Z Illuminated area Zp Element illuminated area S Spot area ra Rotation axis Pf Focus sd Scanning direction 10 Illuminating device 12 Light emission control unit 15 Laser light source 17 Light source unit 17a First light source unit 17b Second light source unit 17c Third light source unit 20 Shaping Optical system 21 Beam expander 22 Collimating lens 23 Lens array 24 Element lens 25 Beam homogenizer 30 Scanning device 31 Polygon mirror 31a First reflecting portion 31b Second reflecting portion 31c Third reflecting portion 40 Condensing optical system 41 Condensing lens 50 Light Diffusion element 50a First light diffusion element 50b Second light diffusion element 50c Third light diffusion element 52 Hologram recording medium 52a First hologram recording medium 52b Second hologram recording medium 52c Third hologram recording medium 53 Lens array group 55 Element diffusion element 57 element hologram 58 lens array

Claims (12)

A light diffusing element having a plurality of element diffusing elements for diffusing incident light;
A coherent light source that emits coherent light;
A shaping optical system for shaping the coherent light;
A scanning device that adjusts the traveling direction of the coherent light and scans the coherent light on the light diffusing element;
A condensing optical system provided in the optical path of the coherent light from the shaping optical system to the light diffusing element,
The condensing optical system condenses the coherent light so that a spot area on the light diffusing element is smaller than the element diffusing element,
The dimension (wsx) along the direction parallel to the scanning direction of the spot area is smaller than the dimension (wsy) along the direction perpendicular to the scanning direction of the spot area,
Each element diffusing element diffuses incident coherent light, and illuminates an element illuminated area corresponding to the element diffusing element.   The dimension (wsx) along a direction parallel to the scanning direction of the spot area is smaller than half of a dimension (wsy) along a direction orthogonal to the scanning direction of the spot area. Lighting device.   3. The illumination device according to claim 1, wherein a dimension (wsx) of the spot region is smaller than half of a dimension (wpx) of the element diffusion element in a direction parallel to the scanning direction of the spot region.
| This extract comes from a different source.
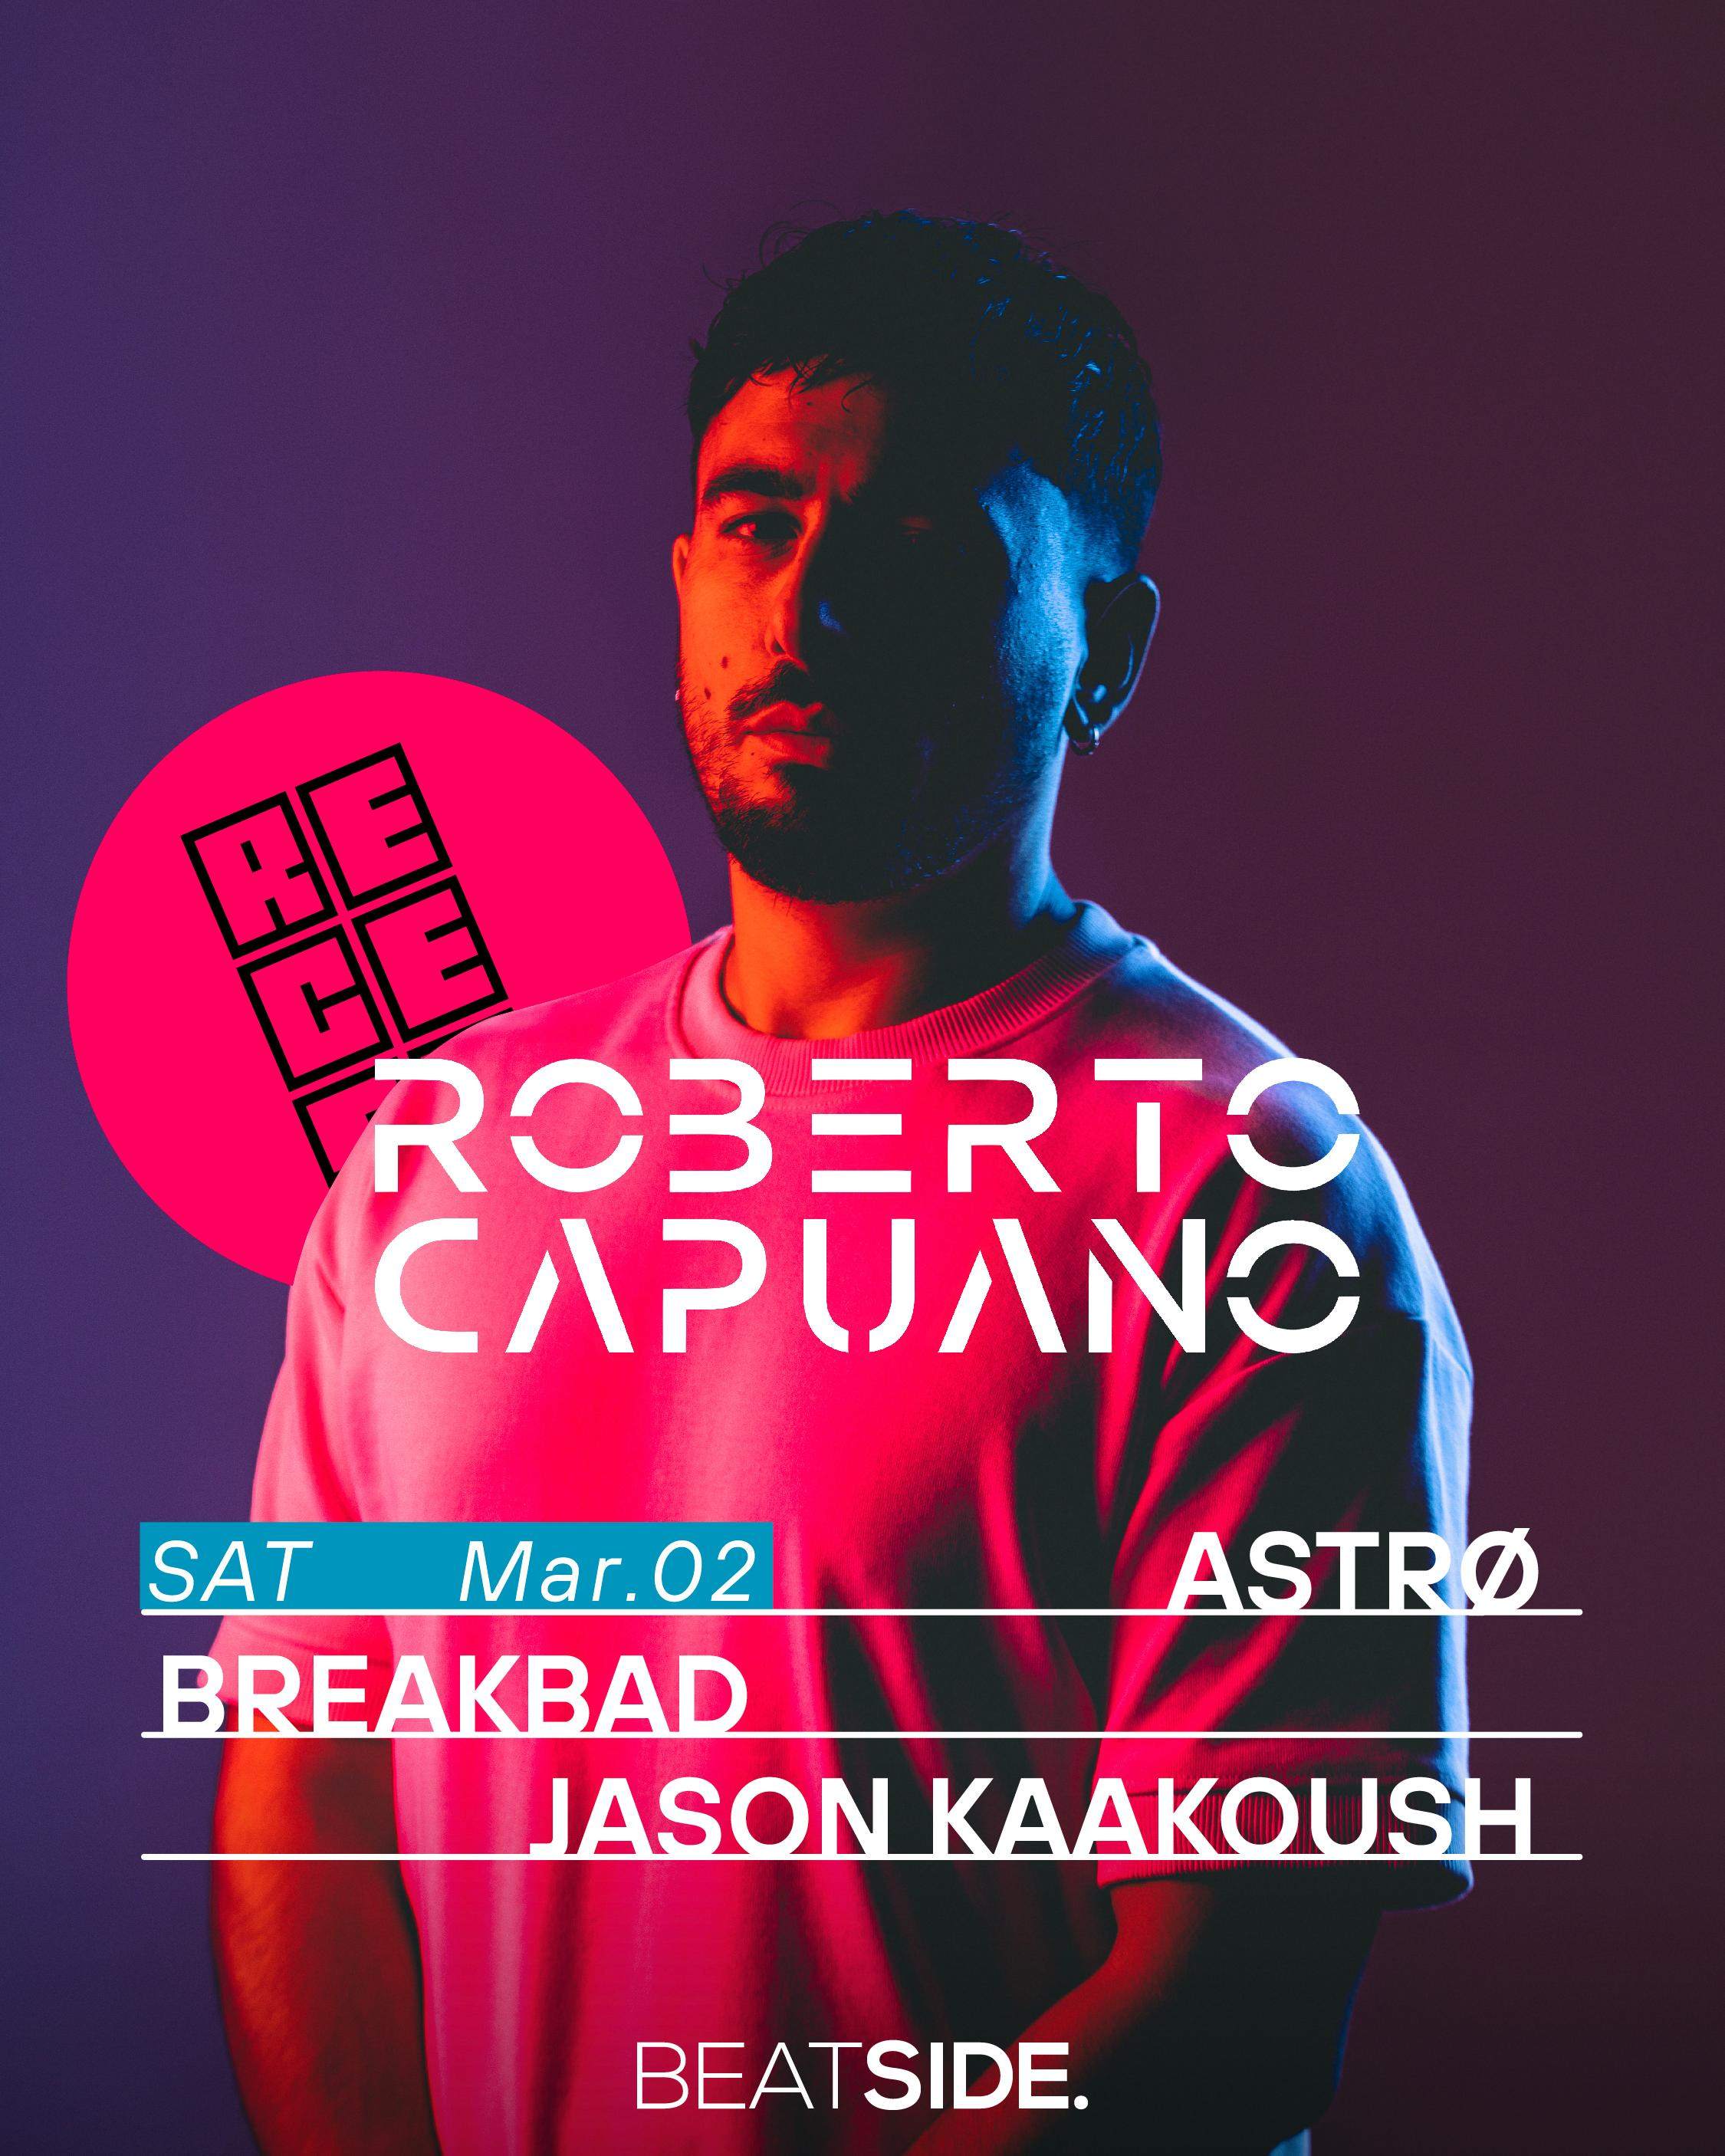 Recess x Roberto Capuano - Jason Kaakoush, Astrø & Breakbad - フライヤー表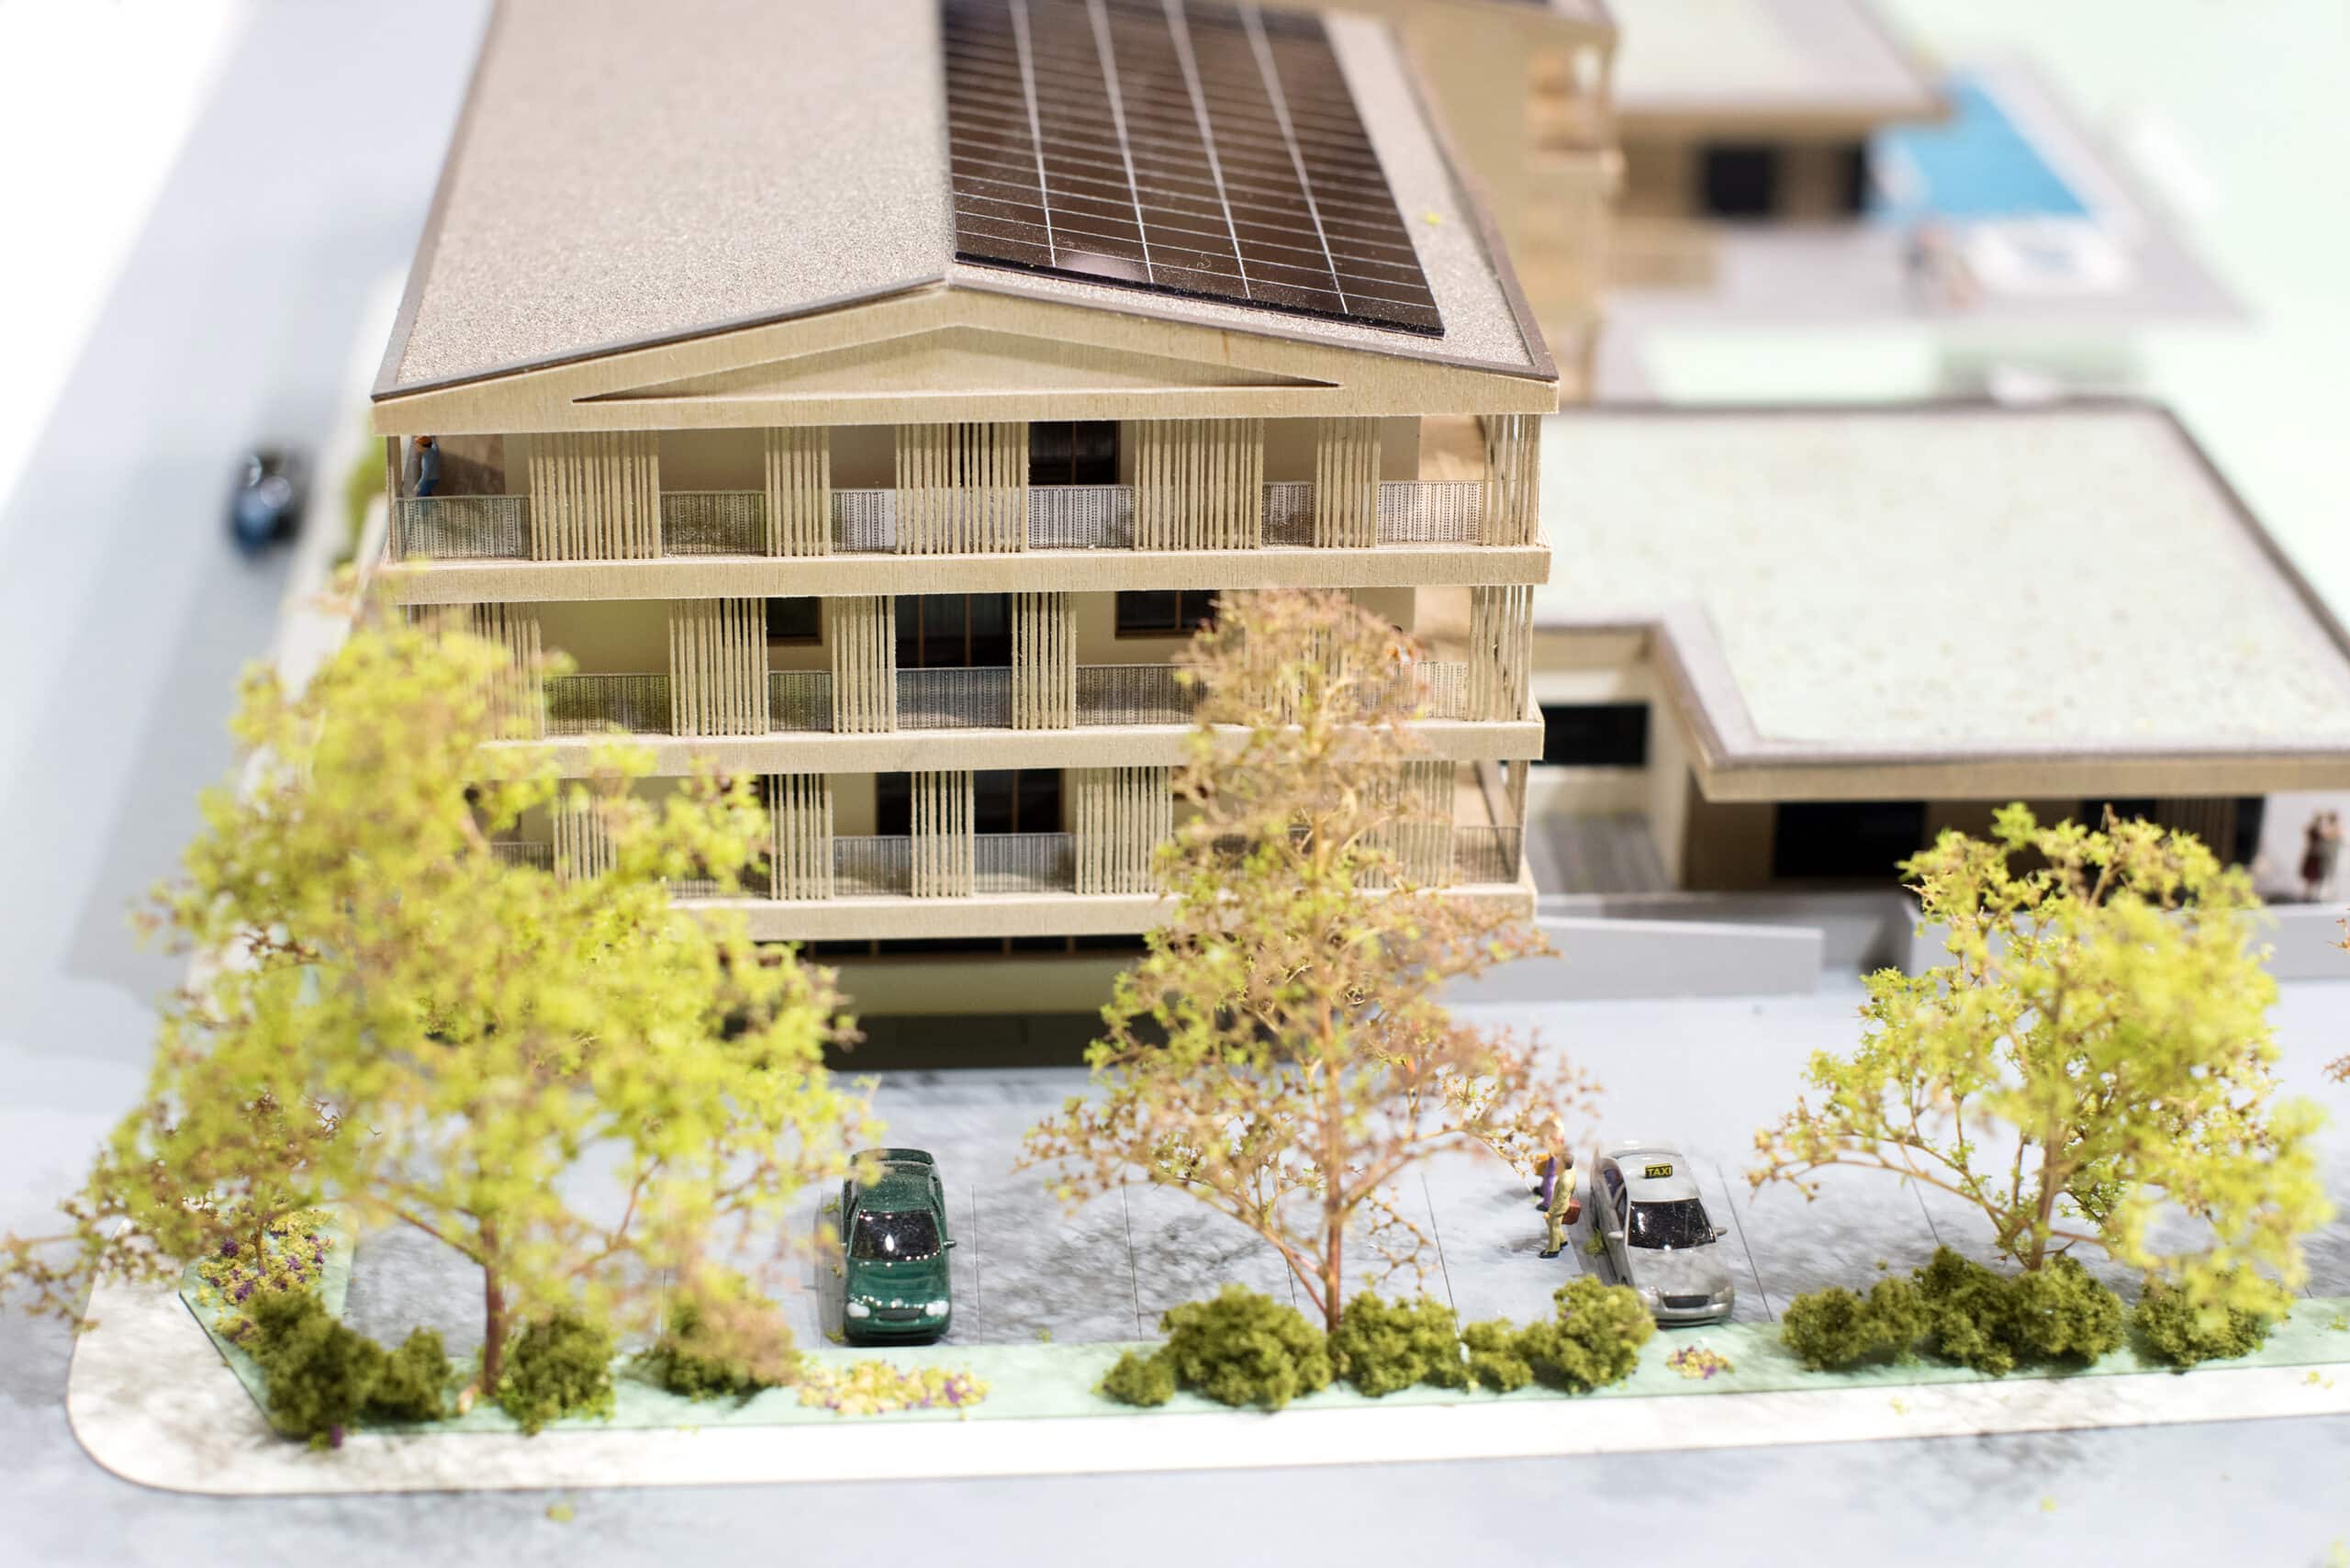 Wereldprimeur: eerste volwaardige 3D-geprinte huis is opgeleverd in Westerlo

The shaping optical system divides coherent light emitted from the coherent light source into a plurality of light beams,
4. The illumination device according to claim 1, wherein the condensing optical system adjusts optical paths of the plurality of light beams such that the plurality of light beams overlap at least partially on the light diffusion element. . The said condensing optical system is an illuminating device as described in any one of Claims 1-4 which is a lens by which the said light-diffusion element is arrange | positioned in the focus position. It said shaping optical system includes a collimator lens, having a lens array provided in the optical path from the collimator lens to the focusing optical system, an illumination device according to any one of claims 1 to 5. The lens array includes a plurality of element lenses;
The illumination device according to claim 6 , wherein light beams emitted from the plurality of element lenses have the same light distribution. The illumination device according to claim 1, wherein the shaping optical system is a beam homogenizer. The light emission control unit for controlling the injection of the coherent light from the coherent light source further comprises, an illumination device according to any one of claims 1-8. The lighting device according to claim 9 , wherein the light emission control unit controls light emission of the coherent light of the coherent light source according to an irradiation position of the coherent light on the light diffusing element. The light diffusing element is a hologram recording medium;
The illumination device according to any one of claims 1 to 10, wherein the plurality of element diffusion elements are element holograms in which different interference fringe patterns are formed. The light diffusing element is a lens array group having a plurality of lens arrays,
Wherein the plurality of elements diffusing element having a lens array, an illumination device according to any one of claims 1 to 10.